死んだと聞いて泣いた。あんな風に突き放したこと、見放すように付き合いをやめたことを後悔した。酒をやめさせることはできなくても、一緒に酒を飲むことを拒絶しても、たまに連絡して体調を気遣ったり、心配している友だちがいるんだよ、と伝えることはできたはずだ。でもしなかった。立ち直らせるために心を鬼にして、とかじゃない。酒をやめられない弱さや、責任を果たさず酒に逃げる姿に腹を立ててたからだ。

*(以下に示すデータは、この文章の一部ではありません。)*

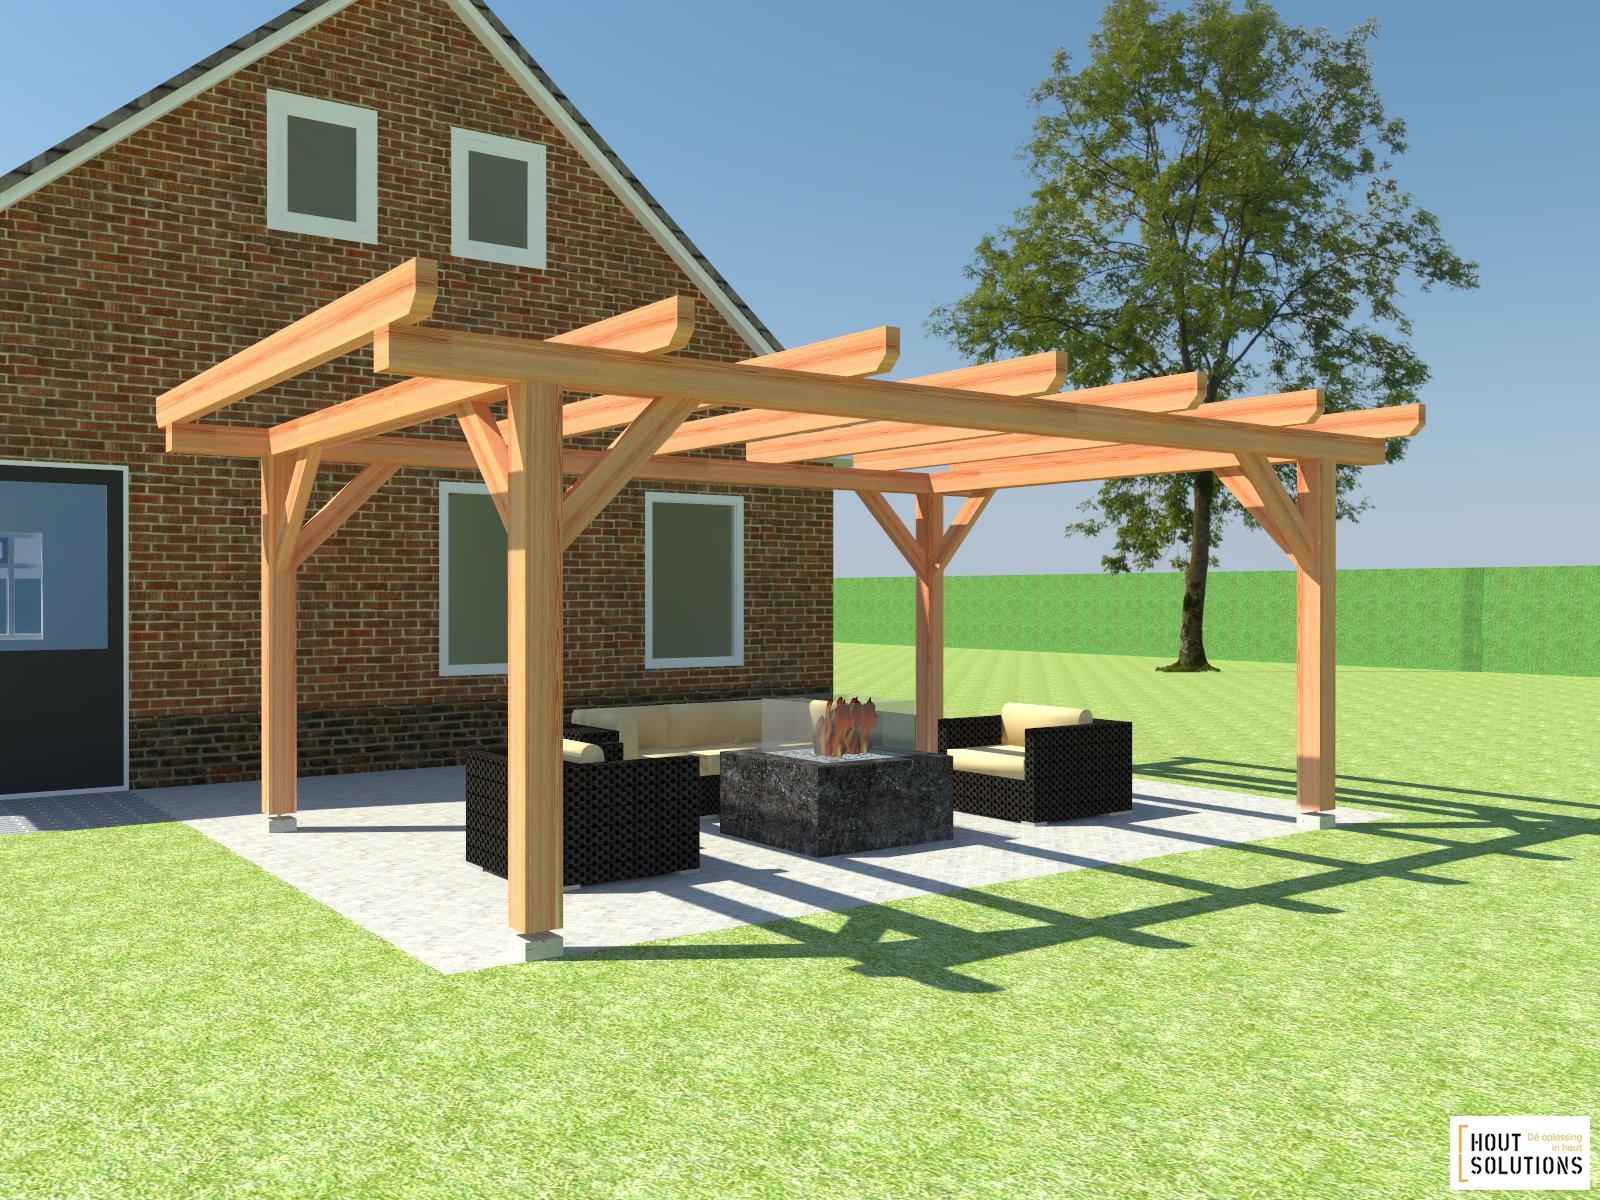 Pergola bouwen houtsolutions - Pergola hout bedekt ...

苦しんでいる友人に寄り添えなかったこと、見捨てたこと。やれることがあったのに、怒りに任せて何もしなかったこと。友だちに見捨てられた、裏切られた、みんな分かってくれない、寂しい寂しいと嘆きながら逝かせてしまったこと。思い返すたびに胸が痛む。

この罪悪感や後悔はずっと消えないだろう。あいつに恨まれても仕方ない。でももし、いつかまた会えたら、今のこの後悔を伝えて謝りたい。それとももう全部分かってくれてるかな……。